Electrophoresis, Vol.27, No.13, 2659-2675, 2006
Transforming omics data into context: Bioinformatics on genomics and proteomics raw data
Differential gene expression analysis and proteomics have exerted significant impact on the elucidation of concerted cellular processes, as simultaneous measurement of hundreds to thousands of individual objects on the level of RNA and protein ensembles became technically feasible.
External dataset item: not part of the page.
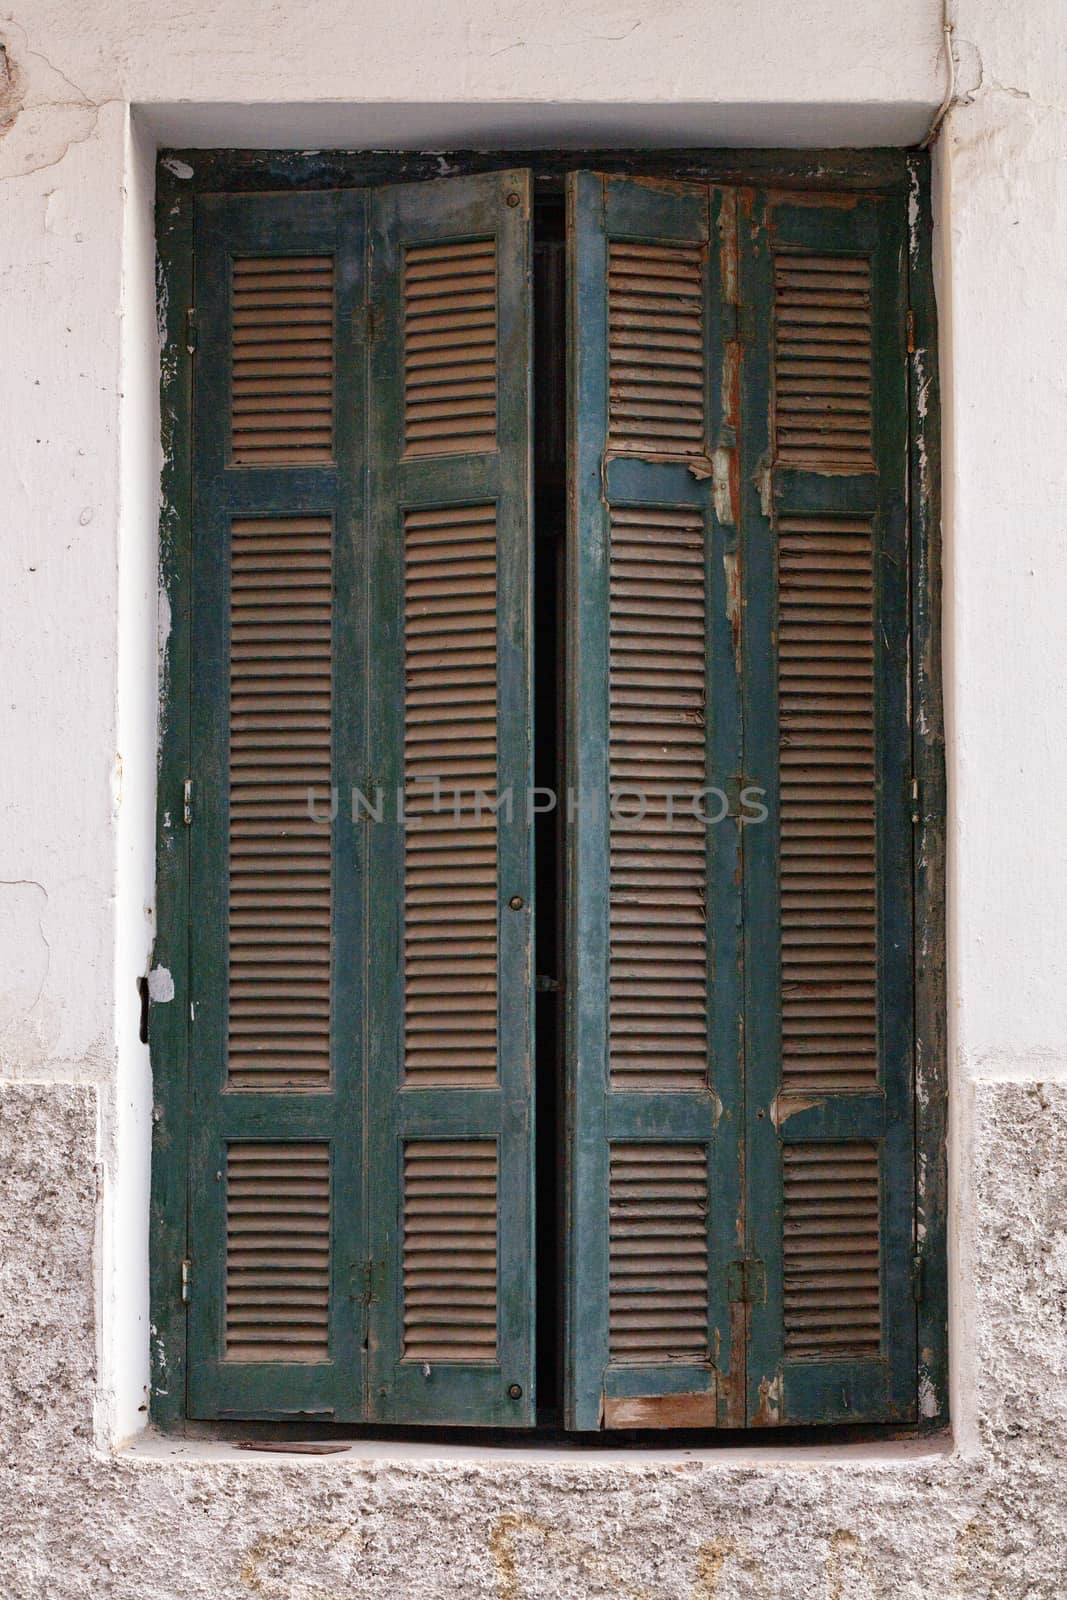 Old green wooden shutters are ajar on the old window against the background of the facade of the house.

The availability of such data sets has promised a profound understanding of phenomena on an aggregate level, expressed as the phenotypic response (observables) of cells, e.g., in the presence of drugs, or characterization of cells and tissue displaying distinct patho-physiological states. However, the step of transforming these data into context, i.e., linking distinct expression or abundance patterns with phenotypic observables - and furthermore enabling a sound biological interpretation on the level of reaction networks and concerted pathways, is still a major shortcoming. This finding is certainly based on the enormous complexity embedded in cellular reaction networks, but a variety of computational approaches have been developed over the last few years to overcome these issues. This review provides an overview on computational procedures for analysis of genomic and proteomic data introducing a sequential analysis workflow: Explorative statistics for deriving a first, from the purely statistical viewpoint, relevant candidate gene/protein list, followed by co-regulation and network analysis to biologically expand this core list toward functional networks and pathways. The review on these procedures is complemented by example applications tailored at identification of disease-associated proteins. Optimization of computational procedures involved, in conjunction with the continuous increase in additional biological data, clearly has the potential of boosting our understanding of processes on a cell-wide level.